On the the hand, blindly applying the thermal transient analysis is expensive because it is not efficient to solve (4) for large sized N thermal circuits. Similar to the macromodeling for the interconnect network, the moment matching based model order reduction can be used to obtain a 3D IC macromodel with compact sized q ( $q \ll N$ ), which not only has a smaller matrix size but also preserves the dominant system response.

The existing macromodeling approach is mainly based on the subspace projection [23], [24]. By defining two moment generation matrices (expanded at  $s_0$ ) as

$$\mathcal{A} = (G + s_0 C)^{-1} C \quad \mathcal{R} = (G + s_0 C)^{-1} B,$$

it is easy to verify that the solution of (4) is contained in the subspace spanned by  $\mathcal{A}$  and  $\mathcal{R}$ 

$$span\{\mathcal{R}, \mathcal{AR}, \cdots \mathcal{A}^{n-1}\mathcal{R}, \ldots\}.$$

Accordingly, a *n*th-order block Krylov subspace can be defined by

$$\mathcal{K}(\mathcal{A},\mathcal{R},n) = span\{\mathcal{A},\mathcal{A}\mathcal{R},\cdots\mathcal{A}^{n-1}\mathcal{R}\}$$

where  $n = \lfloor q/p \rfloor$ . By applying the Block Arnoldi orthonormalization [24], the spanned subspace by a smalled dimensioned projection matrix  $V \ (\in \mathbb{R}^{N \times q})$  can be found to contain the Krylov subspace

$$\mathcal{K}(\mathcal{A},\mathcal{R},n) \subseteq span\{V\}.$$

Using such a V to project the original state matrices  $(R^{N \times N})$  respectively,

$$\hat{G} = V^T G V, \ \hat{C} = V^T C V, \ \hat{B} = V^T B, \ \hat{L} = V^T L$$

a dimension reduced macromodel  $(R^{q \times q})$ 

$$\hat{H}(s) = \hat{L}^T (\hat{G} + s\hat{C})^{-1}\hat{B}$$

can be obtained. Note that  $\hat{H}$  can accurately approximate the original system H

$$H(s) = L^T (G + sC)^{-1} B$$

by matching the first n block moments expanded at one selected frequency  $s_0$  [23], [24]. Usually, as the time-constant of a thermal RC network is much larger than that of an electrical RLC network, its dynamic response can be accurately characterized by a few dominant poles using the subspaceprojection-based moment matching [23], [24]. The error of reduced model depends on the selection of reduced order qwith a detailed analysis of numerical error bound of moment matching in [23].

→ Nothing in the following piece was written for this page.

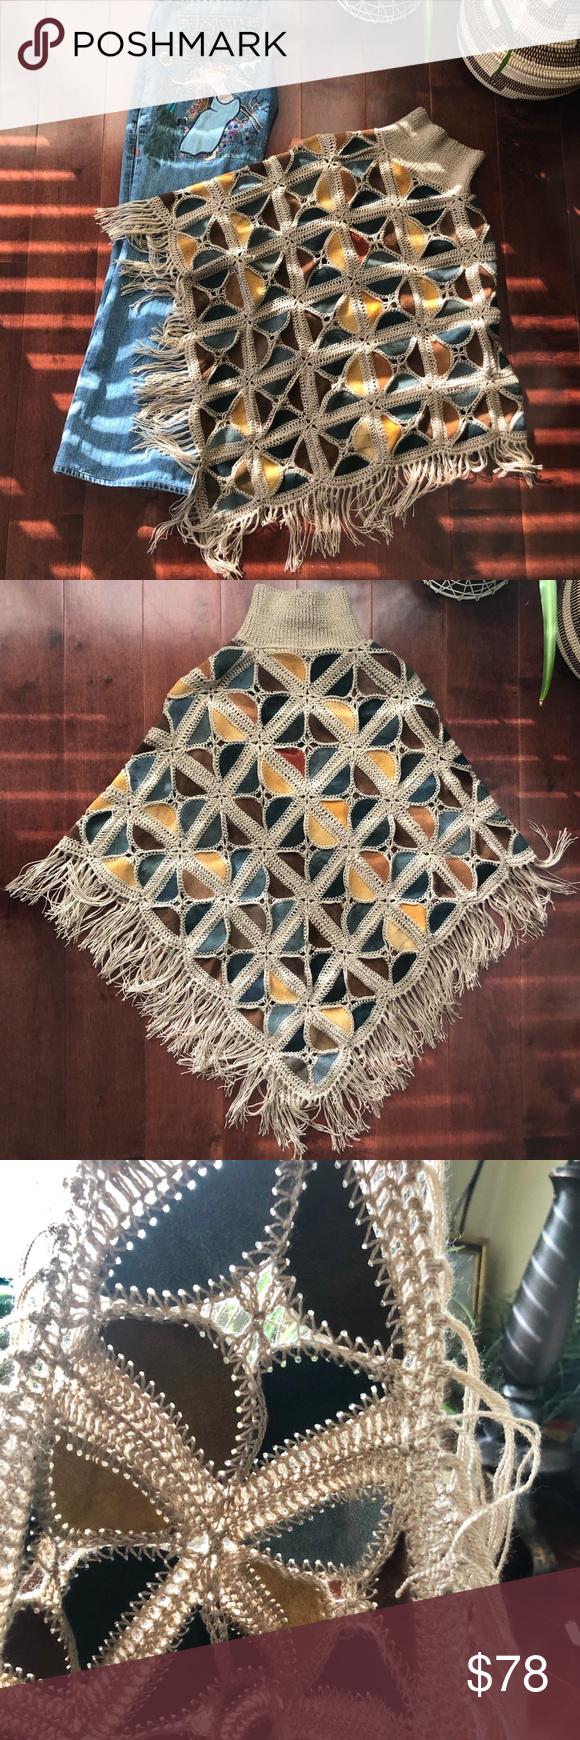 Photo of Vtg. Reversible, Faux Leather Knit Poncho Vintage- Faux leather Boho knit, rever…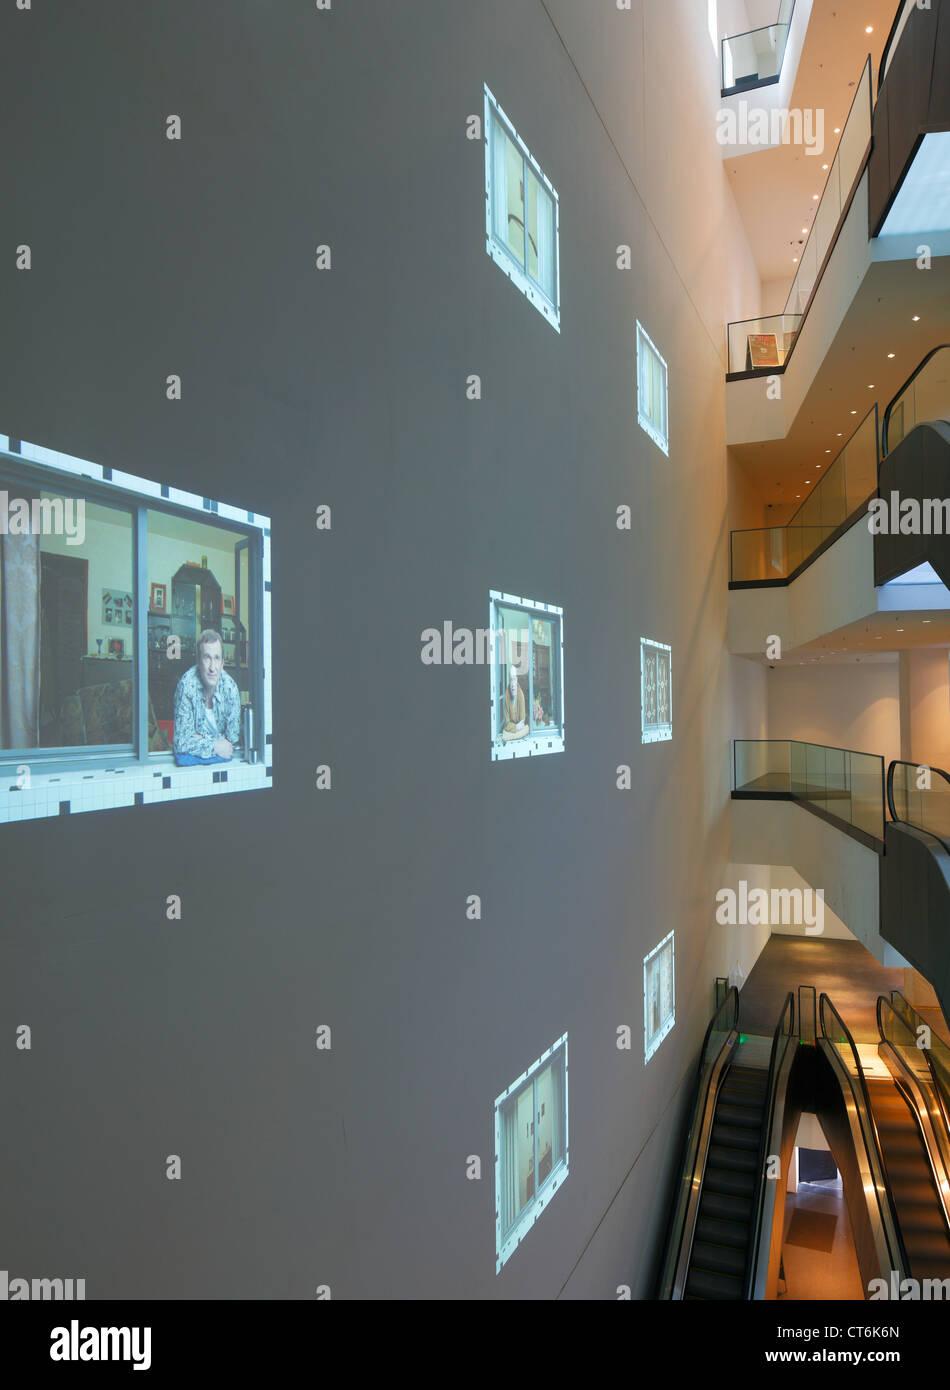 D-Dortmund, Ruhr area, Westphalia, North Rhine-Westphalia, NRW, Dortmunder U, Centre for Art and Creativity, cultural - Stock Image

To further obtain the sensitivity information, the parametrized moments [25] can be obtained by expanding (4) at selected parameter points. However, because the parameterized moments have coupled frequency and parameter variables, its dimension grows exponentially, preventing practical use. This is improved in [26] by separately expanding moments of parameters from the frequency. It results in an augmented state matrix containing the nominal state and the expanded states, i.e., sensitivities with respect to parameters. Nevertheless, all these approaches [23]–[26] apply a flat projection during the reduced state variables have coupled nominal values and sensitivities. It is unknown how to separate parametrized sensitivities from the reduced macromodel, and apply those sensitivities in the

optimization. This will be addressed in Section IV, and we summarize notations used in this paper below.

- N: number of tiles
- K: number of critical tiles
- p: number of input ports
- q: order of reduced models
- *s/h*: frequency point/time-step
- $G_0$ : nominal thermal conductance state matrix
- $C_0$ : nominal thermal capacitance state matrix
- B/L: topology matrix describing input/output ports
- $A_i$ : via density of *i*th tile
- A: via density vector of a set of critical tiles
- X: topology matrix describing where to insert vias
- g/c: conductance/capacitance of one via with unit area
- x/y: state variable of temperature (at output)
- $x^{(0)}/y^{(0)}$ : nominal temperature (at output)
- $x^{(1)}/y^{(1)}$ : 1st-order sensitivity (at output)
- $x^{(2)}/y^{(2)}$ : 2nd-order sensitivity (at output)
- *f*: the thermal-violation integral
- $T_{ceiling}$ : the targeted ceiling temperature

### **III. THERMAL-VIA ALLOCATION PROBLEM**

In this Section, to consider an accurate figure of merit for the transient thermal integrity, a thermal-violation integral is first defined, and a thermal-via allocation problem is consequently formulated as a nonlinear optimization problem, which is relaxed and solved by a sequence of quadratic programmings with use of sensitivities.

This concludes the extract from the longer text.